Publié le 25 septembre 2014 par Melimelanie

Je ne sais pas si tu as déjà eu ce sentiment, cette sensation d’invincibilité, de joie extraordinaire que l’on peut ressentir quand tout nous sourit dans la vie.

Le 19 août, j’expérimentais cette sensation : j’allais me marier dans 11 jours avec l’homme que j’aime plus que tout, et je venais juste d’apprendre que j’étais enceinte de 2 semaines.

Je me sentais presque coupable de tant de bonheur. Certains couples ont tellement de mal à faire un enfant, et nous, sans même réellement essayer, nous avions réussi. J’avais envie de le hurler à tout le monde et je me voyais déjà l’annoncer à ma famille proche le jour précédent le mariage. Oui, je n’aurais été qu’à 1 mois de grossesse, c’est tôt pour l’annoncer… mais j’ étais tellement heureuse.

Pendant une semaine, j’étais sur mon petit nuage, malgré les nausées (je ne supportais pas le goût du dentifrice, ce qui avait tendance à compliquer ma préparation matinale), les dérangements de mon système digestif, les insomnies (bref je vais arrêter la parce que le glamour me le réclame)… J’étais heureuse quoi.

Je commençais, comme toute bonne future maman névrosée qui se respecte, à regarder tous les sites possibles et imaginables sur la grossesse. A quoi ressemblait le petit alien dans mon ventre. Comment allait se passer la suite…

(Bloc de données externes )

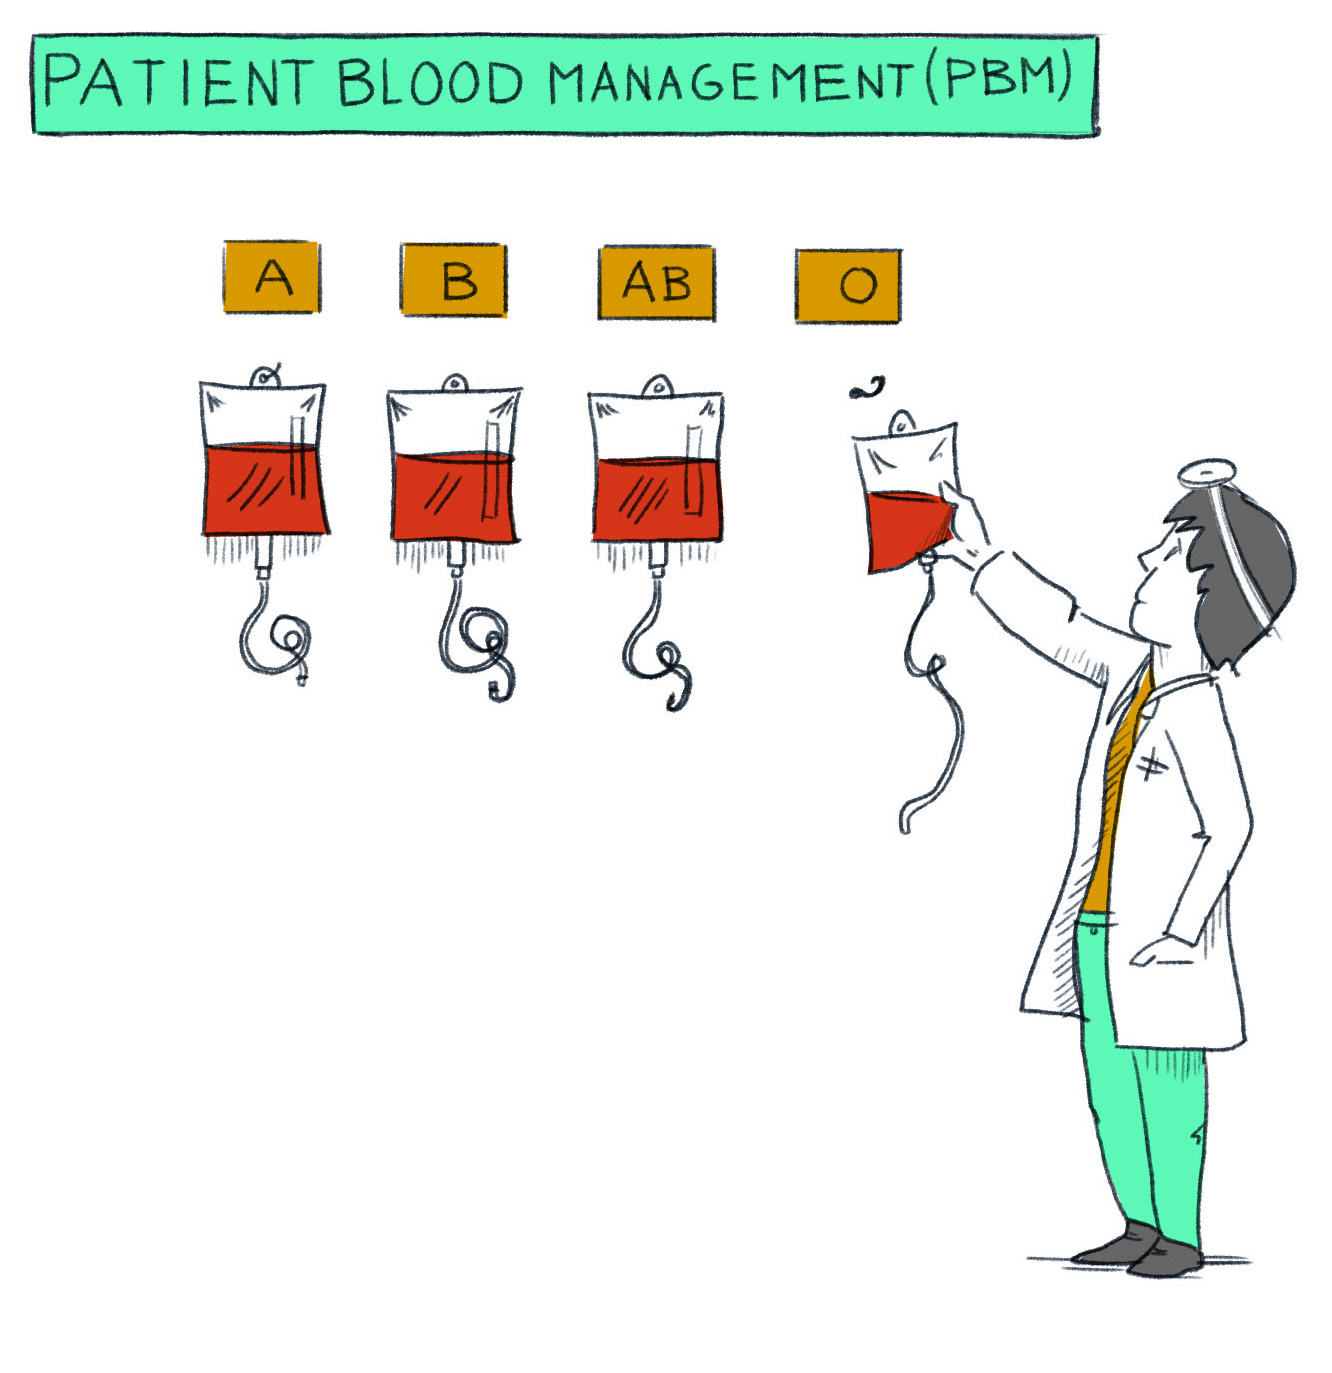 Illustration: Arzt greift zu einer Blutkonserve Bluttgrupe 0 an der Wand weitere Blutgruppen A B AB, Patient Blood Management (PBM)

Une semaine plus tard, je commence à avoir des douleurs lancinantes du côté droit dans le bas du ventre. Face à la majorité des remarques disant que « c’est normal, ce sont des contractions de l’utérus qui grossit », je décide de prendre sur moi et d’essayer de me ménager.

le jeu de la vie

Crédits photo (creative commons) : Dean Mc Coy

Quelques heures plus tard, la douleur ne se calmant pas et devenant de moins en moins supportable (pourtant je te le jure je suis loin d’être une chochotte), je décide de prendre rendez-vous chez le médecin dans la soirée pour lui en parler. Impossible de joindre ma gynécologue, je me retrouve donc dans le cabinet de mon médecin généraliste, qui m’examine pour essayer de comprendre les raisons de ces douleurs.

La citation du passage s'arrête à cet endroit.